The History of Challenges Relevant to the Interpretation of DNA Mixtures


         As an expert consultant in forensic biology/DNA, I am frequently asked by defense attorneys (I am rarely contacted by counsel for the prosecution) to educate them on various basic aspects of the emerging technology referred to as ‘probabilistic genotyping’ (PG). I explain that—while I am quite familiar with the fundamentals of PG technology—they might be optimally served by also requesting insights from forensic DNA mathematicians and/or experts who have actually developed PG software. I also emphasize that, as part of a good legal education on PG technology, they should scrutinize the history of DNA mixture interpretations.

When individuals working within the criminal justice system ask for advice on the fundamentals of forensic biology/DNA, I recommend the following: Any documentation published by the Scientific Working Group on DNA Analysis Methods (SWGDAM) will prove to be extremely useful. Link: https://www.swgdam.org/publications  Additional resources: DNA for the Defense Bar. (June, 2012), from the U.S. Department of Justice. Link:  https://www.ncjrs.gov/pdffiles1/nij/237975.pdf Two recent resources are: Forensic DNA Analysis: A Primer for Courts. (November, 2017), published by the Royal Society of Edinburgh: https://www.semanticscholar.org/paper/Forensic-DNA-analysis%3A-a-primer-for-courts/b503fc9202c4b6cc2ac783d326430b9402450987
and The Litigator’s Handbook of Forensic Medicine, Psychiatry, and Psychology. Within this reference set, Chapter 8 is entitled: “Forensic Use of DNA”. This reference is slated for publication in September, 2019. Requests for an advance copy of Chapter 8 can be directed to Michael J. Spence, Ph.D., at mike@spenceforensics.com

Analysis of evidence items can lead to the characterization of DNA mixtures with endless gradations of complexity and variability. From locus-to-locus, no two DNA mixture electropherograms (e-grams) will exhibit the identical ‘allelic landscape’. As Short Tandem Repeat (STR) typing initially became the basis of forensic human identification, law enforcement labs were not provided with sufficient centralized standards for the appropriate interpretation of DNA mixtures. Forensic DNA laboratory managers and their analysts were lacking direction. As this scientific obstacle became progressively recognized, and efforts were made to implement various guidelines, controversies and legal debates ensued.
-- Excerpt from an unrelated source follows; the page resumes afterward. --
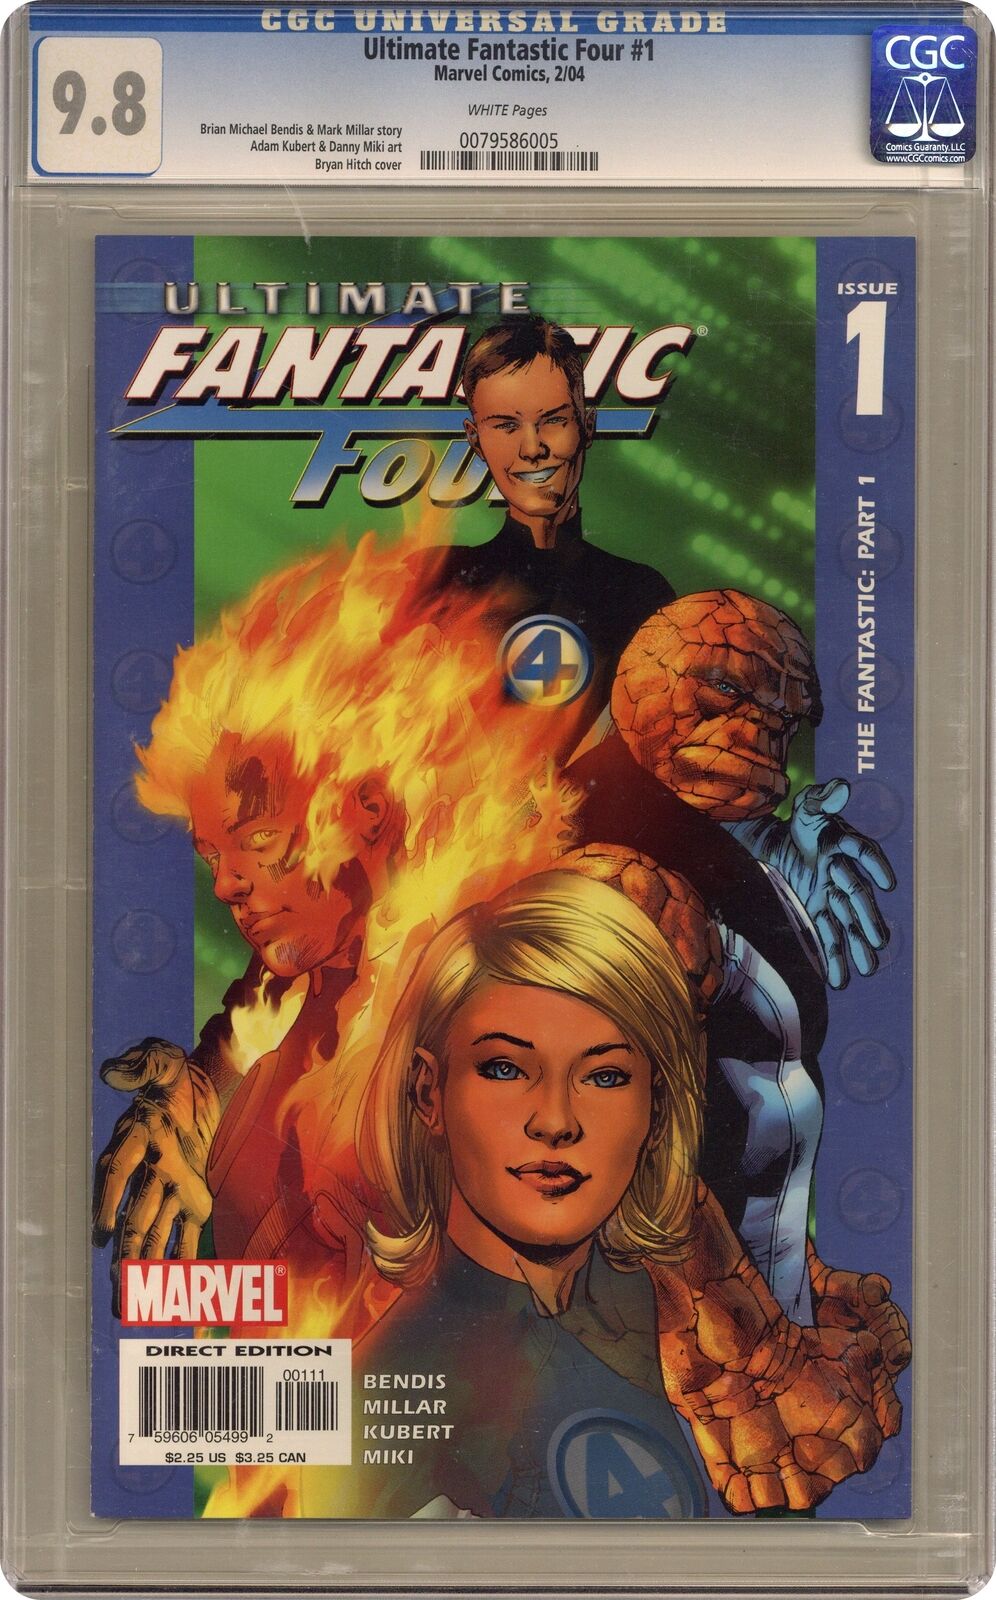 Ultimate Fantastic Four #1 CGC 9.8 2004 0079586005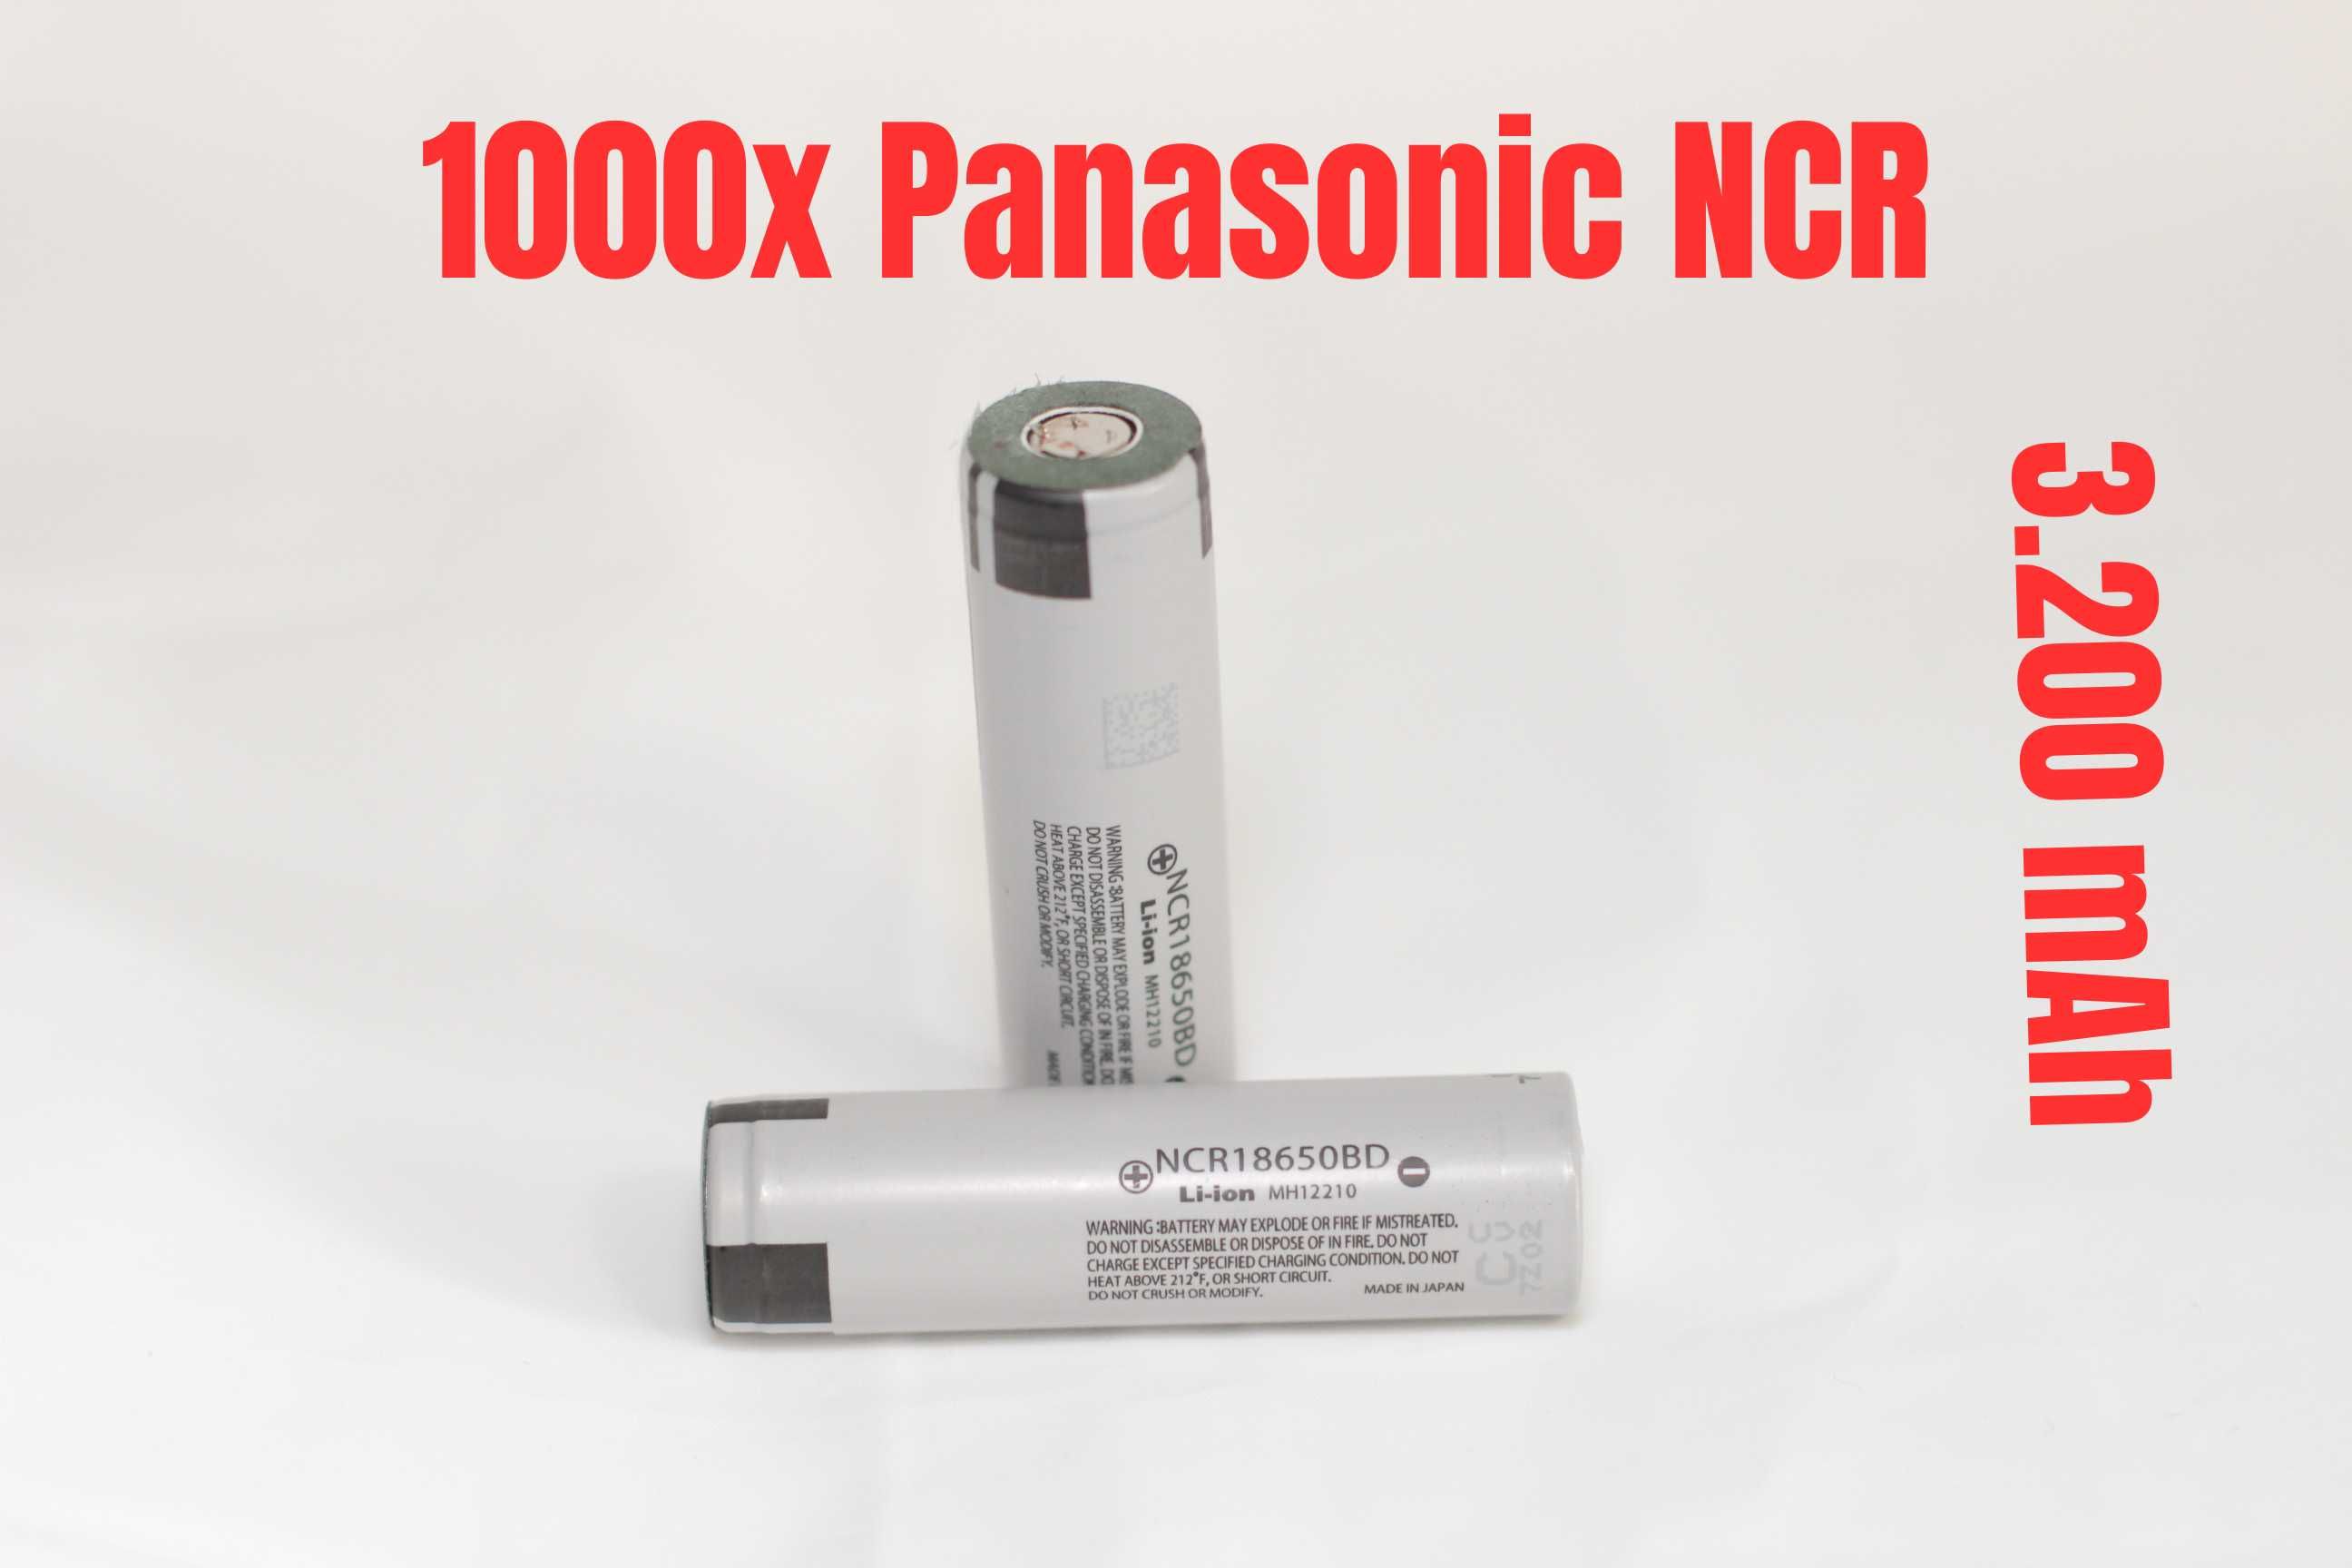 1000 x Panasonic NCR 3200 mAh, 10A, factura si garantie

It is useful to explore the evolution of efforts to address the misinterpretation of DNA mixtures. In 2005, forensic DNA scientists worked in concert with the National Institute of Standards and Technology (NIST), with the purpose of organizing a widespread inter-laboratory study of DNA mixture assessments. This initiative was referred to as the NIST MIX05 Study. Sixty-nine forensic DNA laboratories were provided with the identical two-person mixture data. Alarmingly, forty of the reporting labs characterized the DNA mixtures as “inconclusive”. Among the twenty-nine labs that provided a statistic—based upon non-exclusions—the random match calculations ranged from 1 in 31,000 to 1 in 213,000,000,000,000.
   
In recognition of this astounding lack of consistency, in February 2008, a DNA mixture interpretation workshop was held in Washington, D.C. This was one of a multitude of similar workshops—focusing in part, on the results of the MIX05 Study. Dr. John Butler—the acting chairman of this D.C. workshop—summarized the disturbing results with his presentation, entitled: “A High Degree of Variability Currently Exists with Mixture Interpretation.”

Part of Dr. Butler’s presentation included a commentary from the highly recognized forensic scientist, Dr. Peter Gill, which was as follows: “If you show 10 colleagues a mixture, you will probably end up with 10 different answers.” During the years following MIX05, many scientists expressed concerns, regarding the use of a simple inclusion/exclusion threshold for Relative Fluorescence Units (RFU). This presented a high potential for failure—as it encouraged what is affectionately referred to as the ‘Texas Sharpshooter Fallacy’ in forensic DNA interpretations. This fallacy is derived from an old tale describing a man (perhaps a Texan?) who test fires several bullets at the outer wall of an old barn. A thought dawns upon the man. He grins widely, and rushes off to grab some red paint, as well as some white paint. A few hours later, the man leads an assembly of friends and neighbors out to the old barn. The group is genuinely amazed at all of the painted targets on the barn wall—with a bullet hole perfectly located in the center of each target. Our primary character savors the outpouring of admiration.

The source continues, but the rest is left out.